=== Work to complete ===
Reproduce the listing exactly. Omit pictures.

=== Available data ===
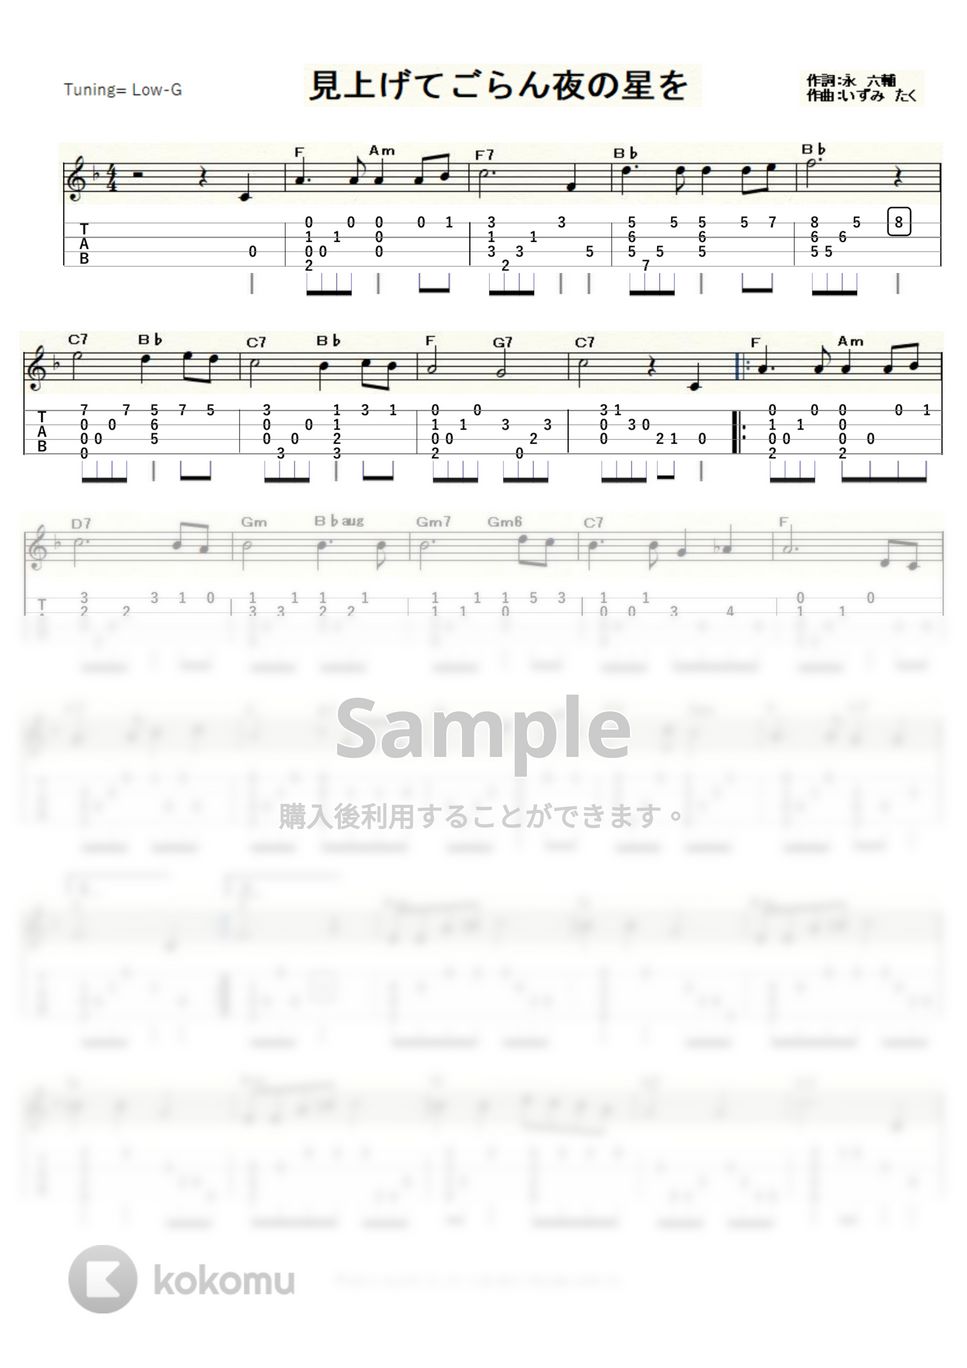 坂本九 - 見上げてごらん夜の星を (ｳｸﾚﾚｿﾛ / Low-G / 中級) by ukulelepapa
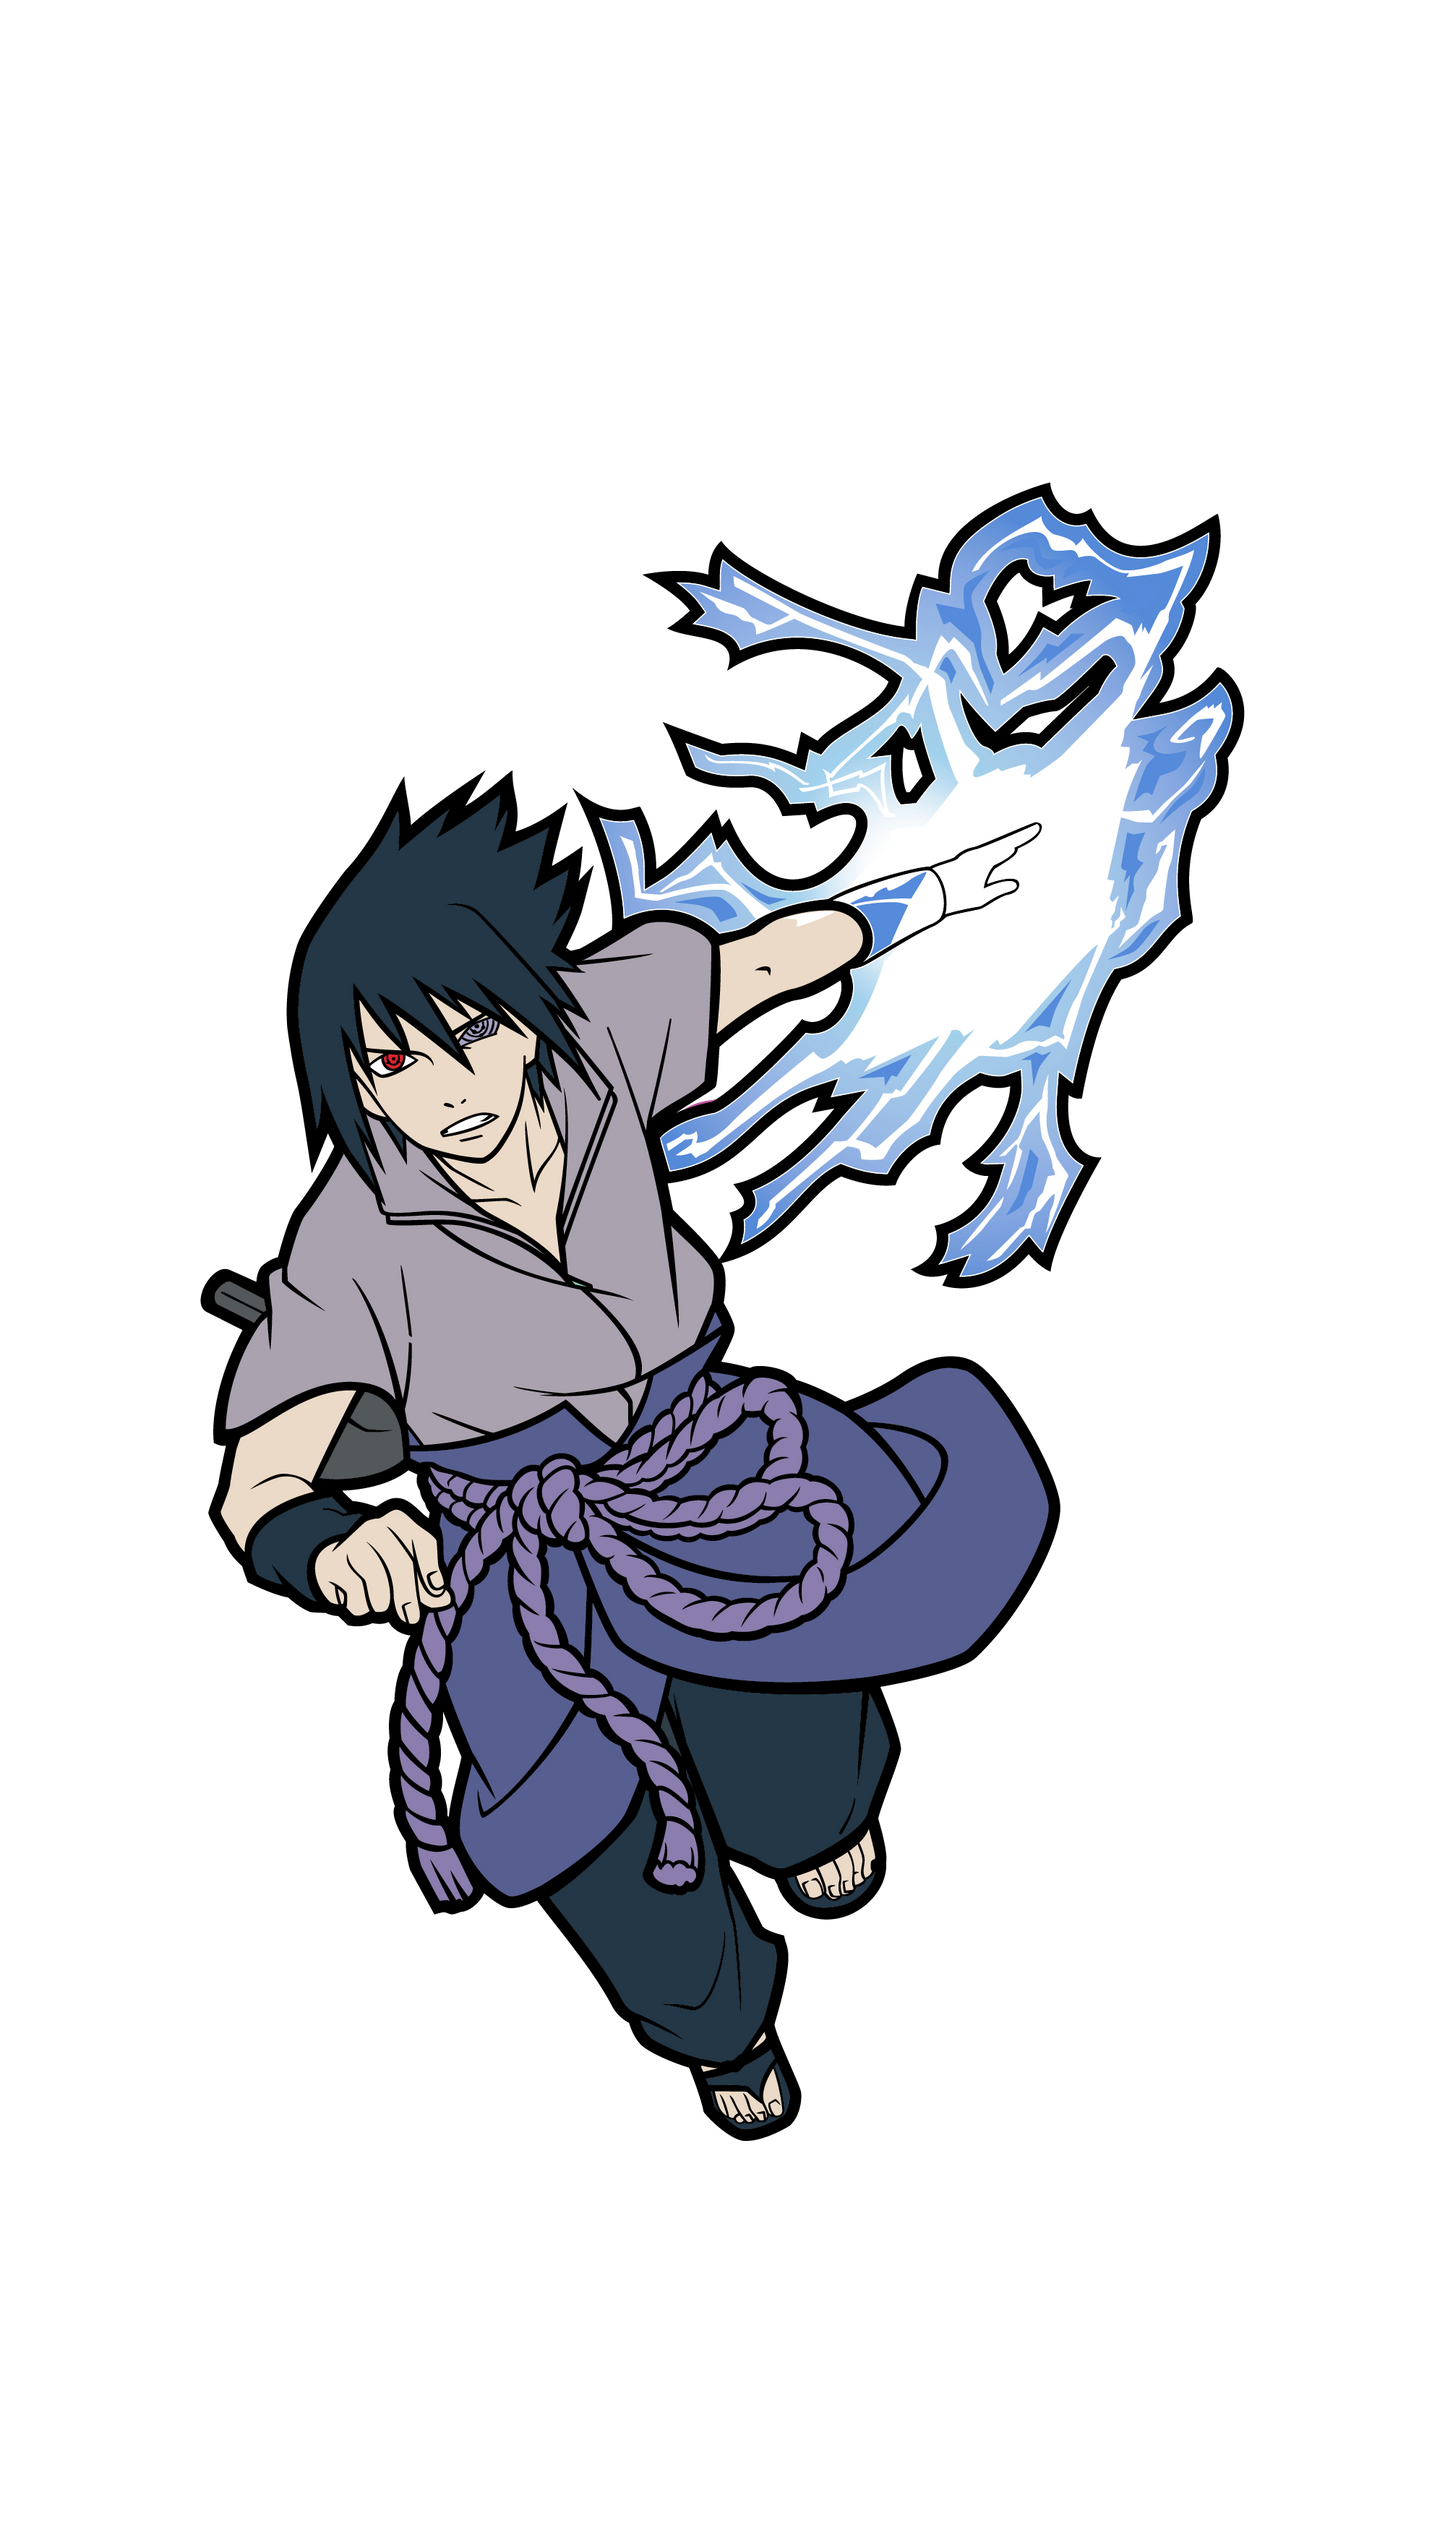 Sasuke #1042 - Naruto Shippuden - FiGPiN
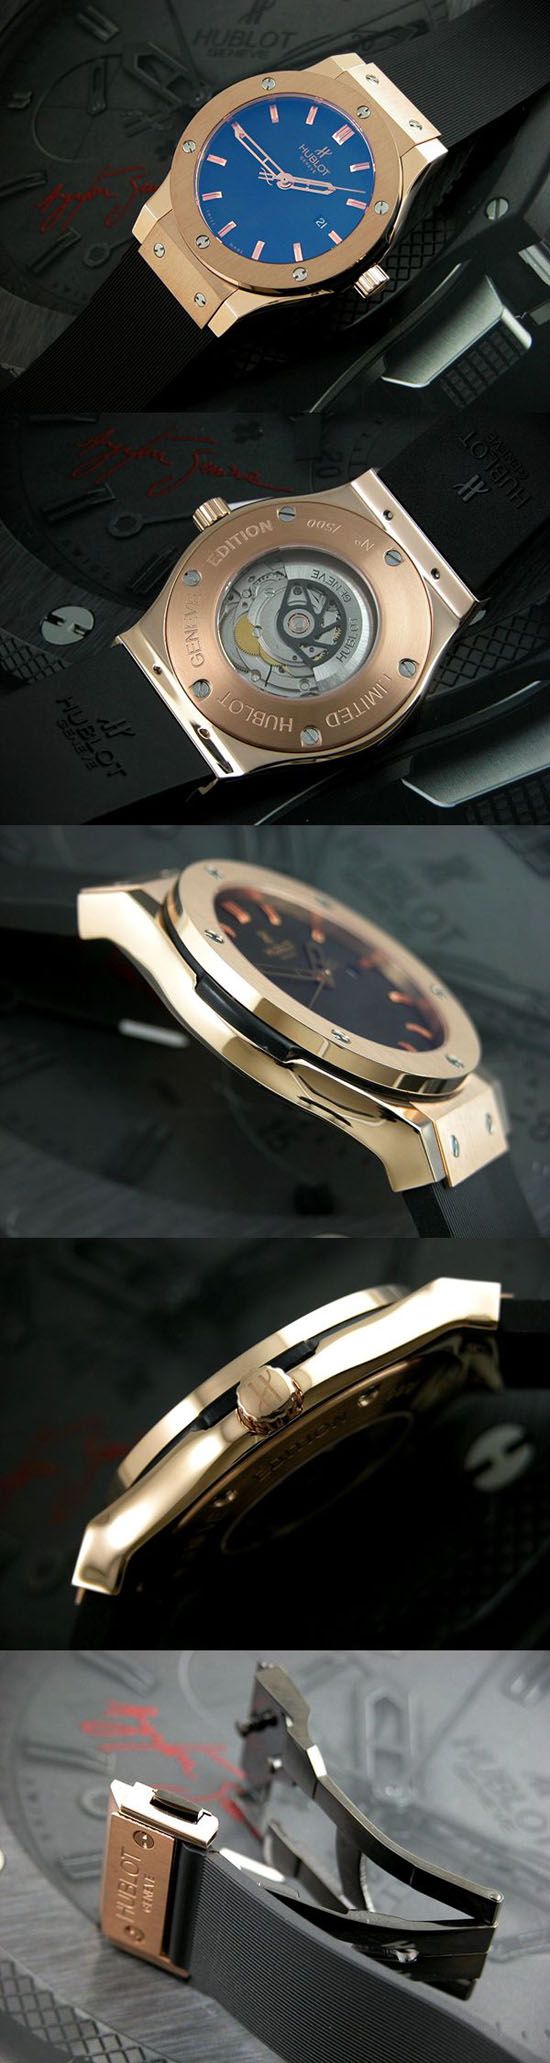 おしゃれなブランド時計がウブロ-ビッグバン-HUBLOT-561-PX-1180-RX-bd-男性用を提供します.
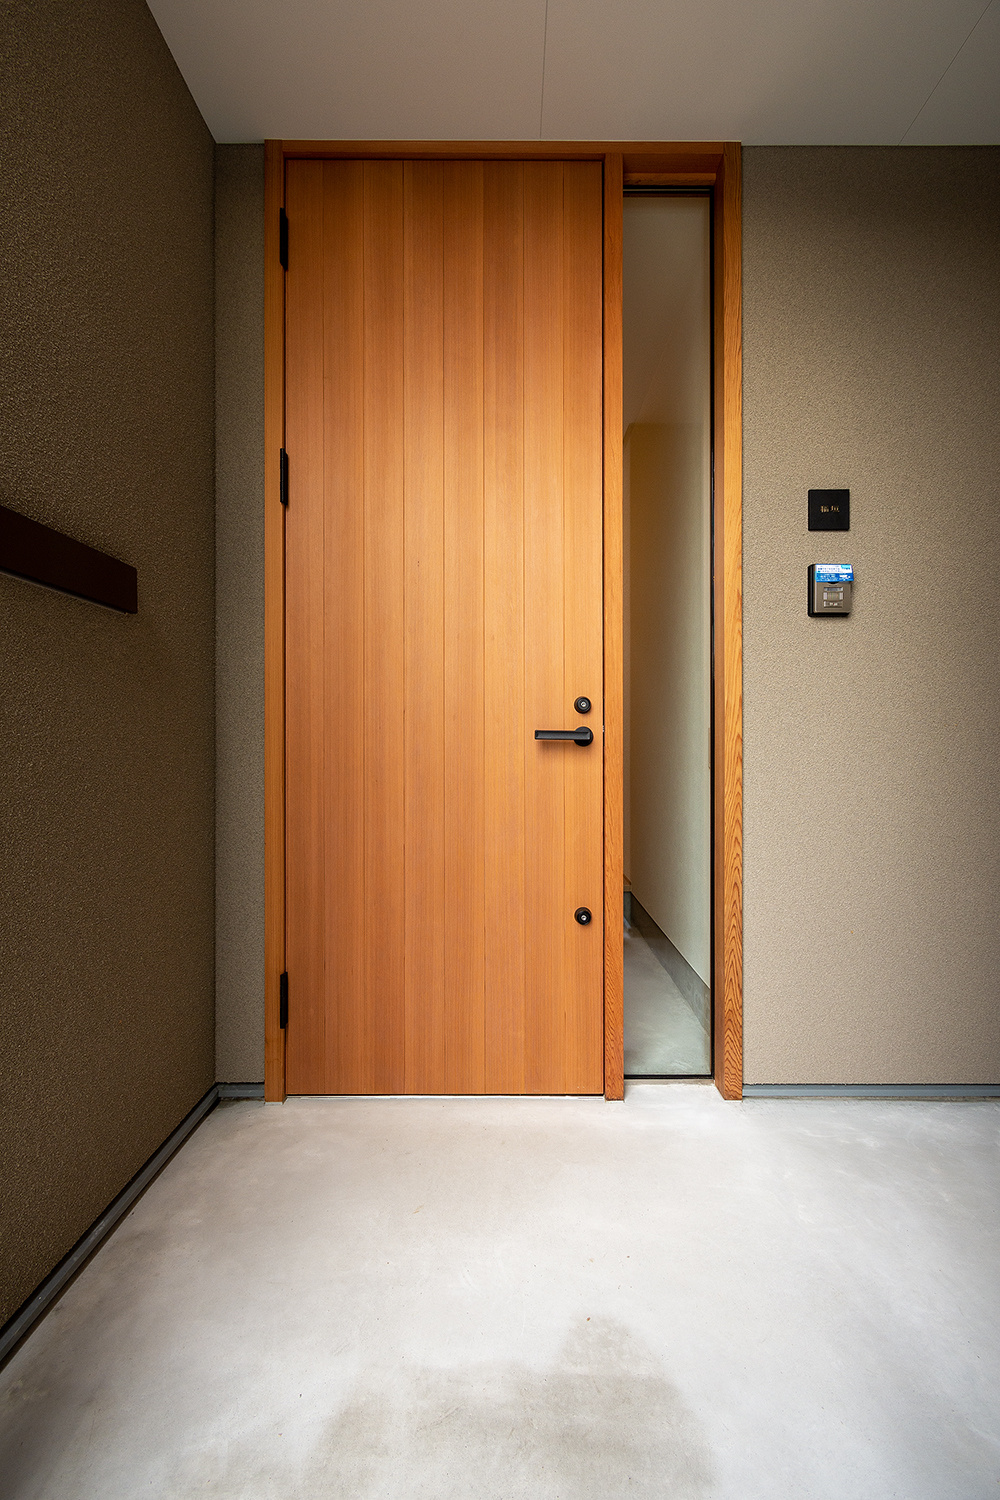 デザイン性と利便性を兼ね備えた玄関建具

=== Answer for the task ===
 坂本九 - 見上げてごらん夜の星を (ｳｸﾚﾚｿﾛ / Low-G / 中級) by ukulelepapa
 Sasuke #1042 - Naruto Shippuden - FiGPiN
 おしゃれなブランド時計がウブロ-ビッグバン-HUBLOT-561-PX-1180-RX-bd-男性用を提供します.
 デザイン性と利便性を兼ね備えた玄関建具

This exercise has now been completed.